━━━━━ Recorded data
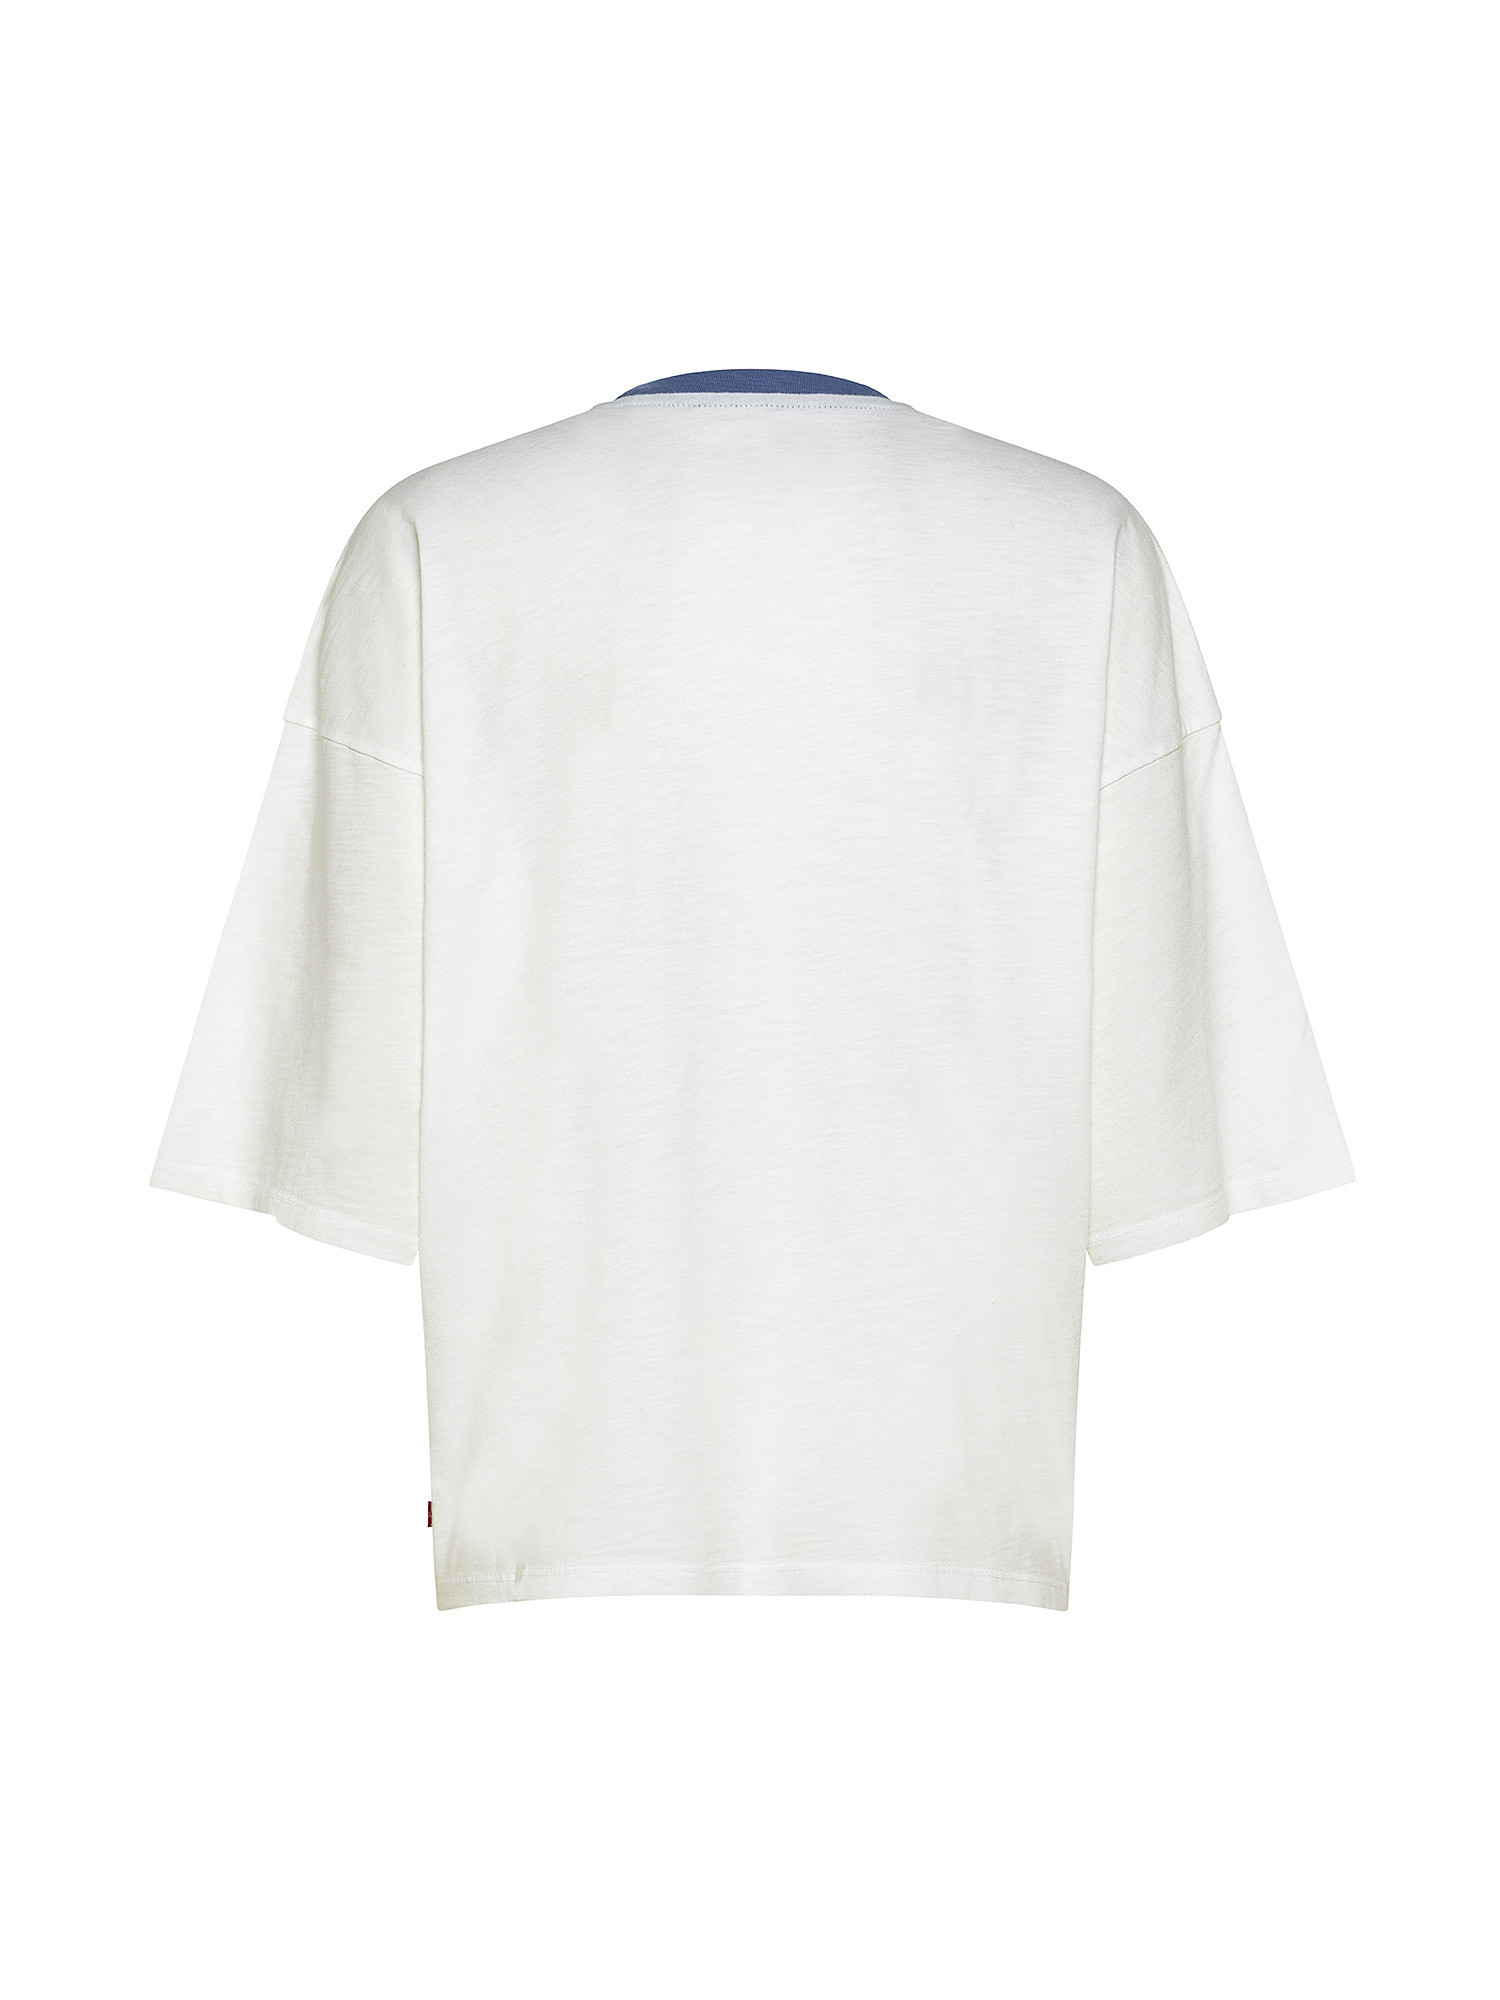 T-shirt Graphic Drapey Tee, Bianco, large image number 1
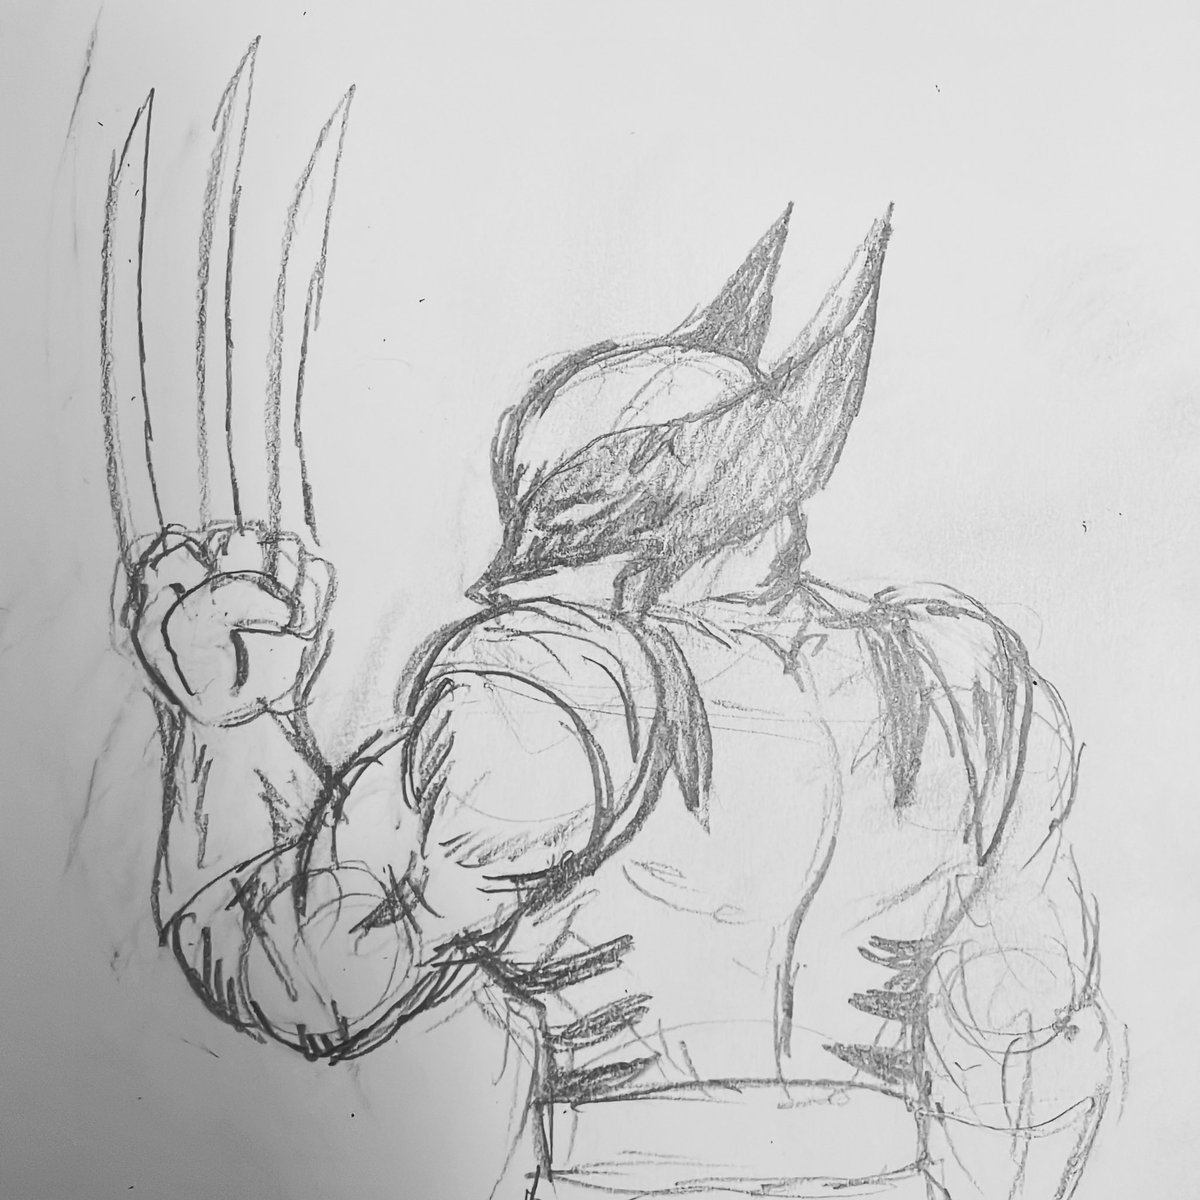 Real fast pencil sketch of Wolverine.
#drawingartwork #illustration #sketchbookart #wolverinefanart #xmenfanart #comics #comicart #comicbookart #makingarteveryday #draweveryday #lovewhatyoudo
━━━━━━━━━━
[Action item]: Starting at the line that contains "Real fast pencil sketch of Wolverine." and ending at the final line of the data, reproduce each line exactly. Pictures stay out of the copy.

[Written response]:
 Real fast pencil sketch of Wolverine.
#drawingartwork #illustration #sketchbookart #wolverinefanart #xmenfanart #comics #comicart #comicbookart #makingarteveryday #draweveryday #lovewhatyoudo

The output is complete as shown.